Airing on Tuesday, Sept. 25 and repeating Wednesday, Sept. 26, on PBS stations (check local listings; channel, dates and times may vary), acclaimed documentarian Ken Burns’ latest effort, The Mayo Clinic: Faith – Hope – Science explores the history of the famed Minnesota hospital and medical-research facility … and finds some determined Franciscan nuns.
From the press release:
When a deadly tornado tore through their small community in 1883, the Mayos took charge of recovery efforts, enlisting the help of the nearby Sisters of Saint Francis to care for patients. Afterwards, Mother Alfred Moes, the leader of the convent, told Dr. Mayo she had a vision from God that instructed her to build a hospital, with him as its director. She believed it would become “world renowned for its medical arts.”
Blending historical narrative with contemporary patient stories, THE MAYO CLINIC: FAITH – HOPE – SCIENCE is a timely look at how one institution has met the changing demands of healthcare for 150 years—and what that can teach us about facing the challenges of patient care today.
Born in Luxembourg, Mother Alfred Moes was the founder of the Sisters of St. Francis of Mary Immaculate, who eventually became a teaching order in the Midwest. They cared for orphans and educated girls from early childhood through their teens.
From her bio at the order’s site:
Our Lady of Lourdes Academy and several other schools under Mother Alfred’s direction were flourishing in Minnesota, when on August 21, 1883, a tornado ravished the area. Mother Alfred and her Sisters opened their schools to the victims. After this experience, Mother Alfred recognized the great need for a hospital. She petitioned Dr. Mayo to plan and staff a hospital at the expense of the Sisters. Within a few years, on September 30, 1889, Mother Alfred opened St. Mary Hospital, Rochester, Minnesota, which eventually became the renowned Mayo Clinic.
Although Mother Alfred died in St. Paul, Minnesota, on December 18, 1899, her ministry, as that of St. Francis of Assisi, “to rebuild the church” continues to this day by the Congregations known as “Al’s gals.”
It’s clear from Burns’ documentary that St. Mary’s, and the eventual Mayo Clinic, would not have been possible without the physical and fundraising efforts of the sisters, who transformed themselves in many cases from teachers into nurses.
The sisters remain involved with the world-renowned clinic to this day, which maintains a St.
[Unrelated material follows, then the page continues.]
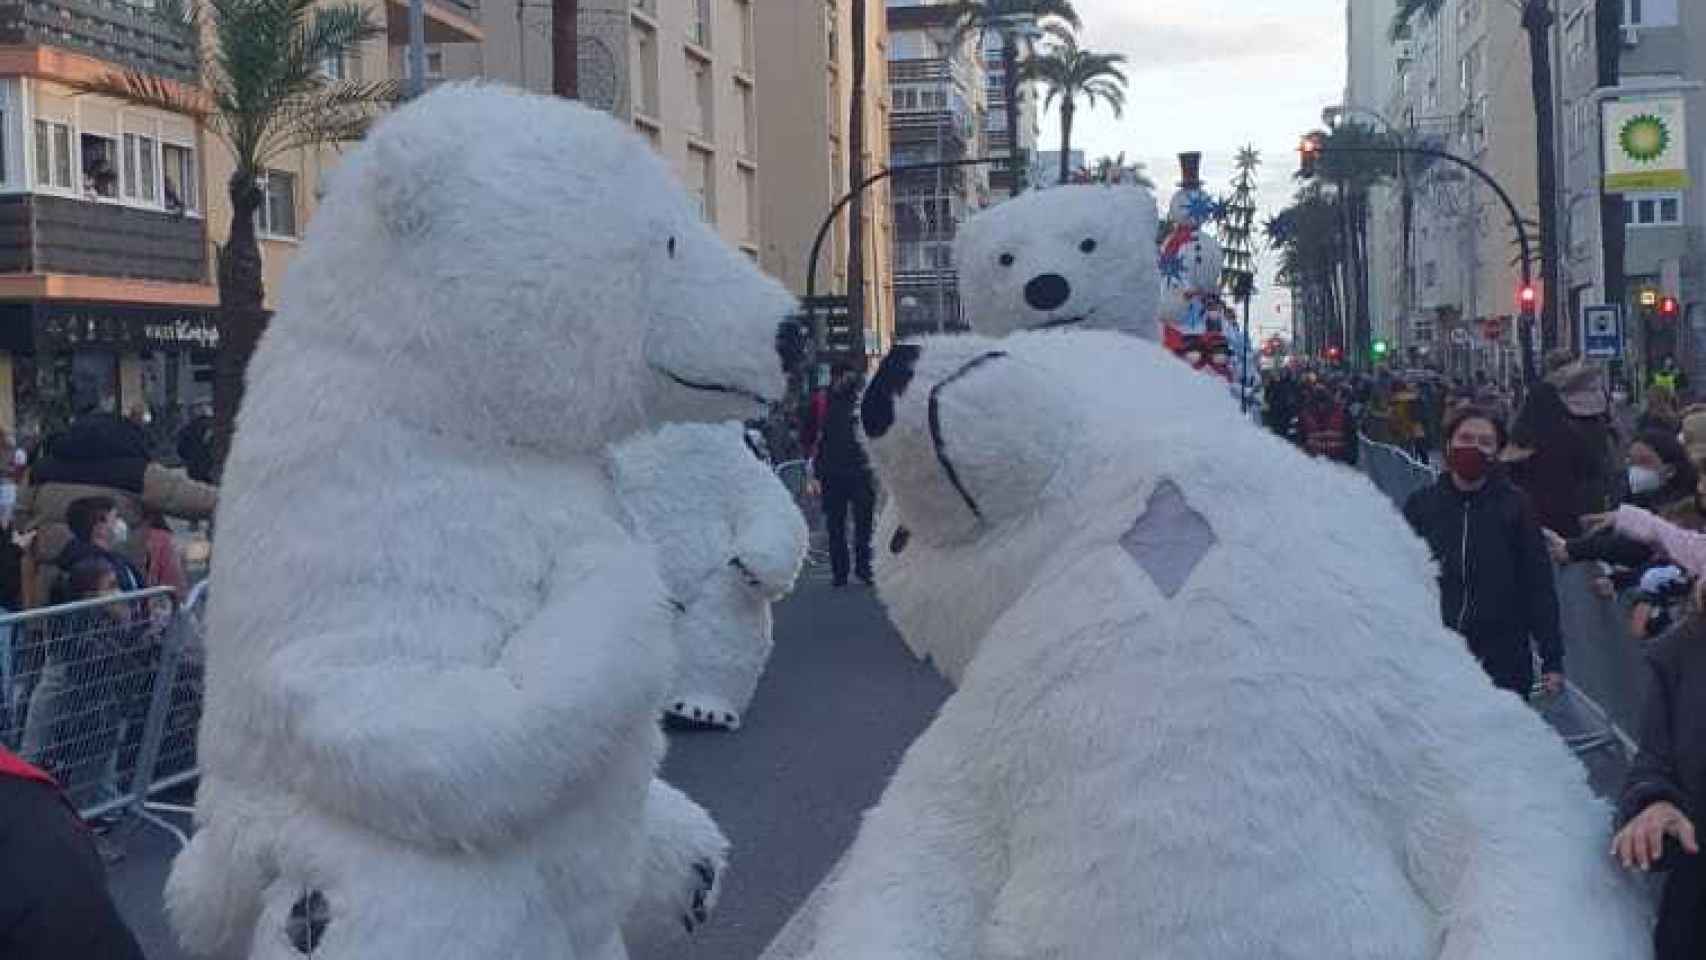 La imagen que enviaron avisando de que algo no estaba yendo bien con el oso en la Cabalgata de Cádiz.

Mary’s Campus as part of the overall Mayo Clinic property.
Burns’ documentary not only highlights the Church’s long involvement with healthcare — stretching back centuries — but shows how the involvement of a higher purposes and a higher calling can elevate science.
Said Burns; “The history of healthcare is a larger reflection of who we are as a nation. It includes advances in science and technology, but also touches on more universal themes of love and compassion. This is an extraordinary story that places our fundamental need to care for each other within the larger framework of America’s healthcare system and modern medicine.”
The two-hour documentary airs at 9 p.m. ET/PT on Tuesday, Sept. 25, on many PBS stations; and repeats on Wednesday, Sept. 26, at 10 p.m. ET.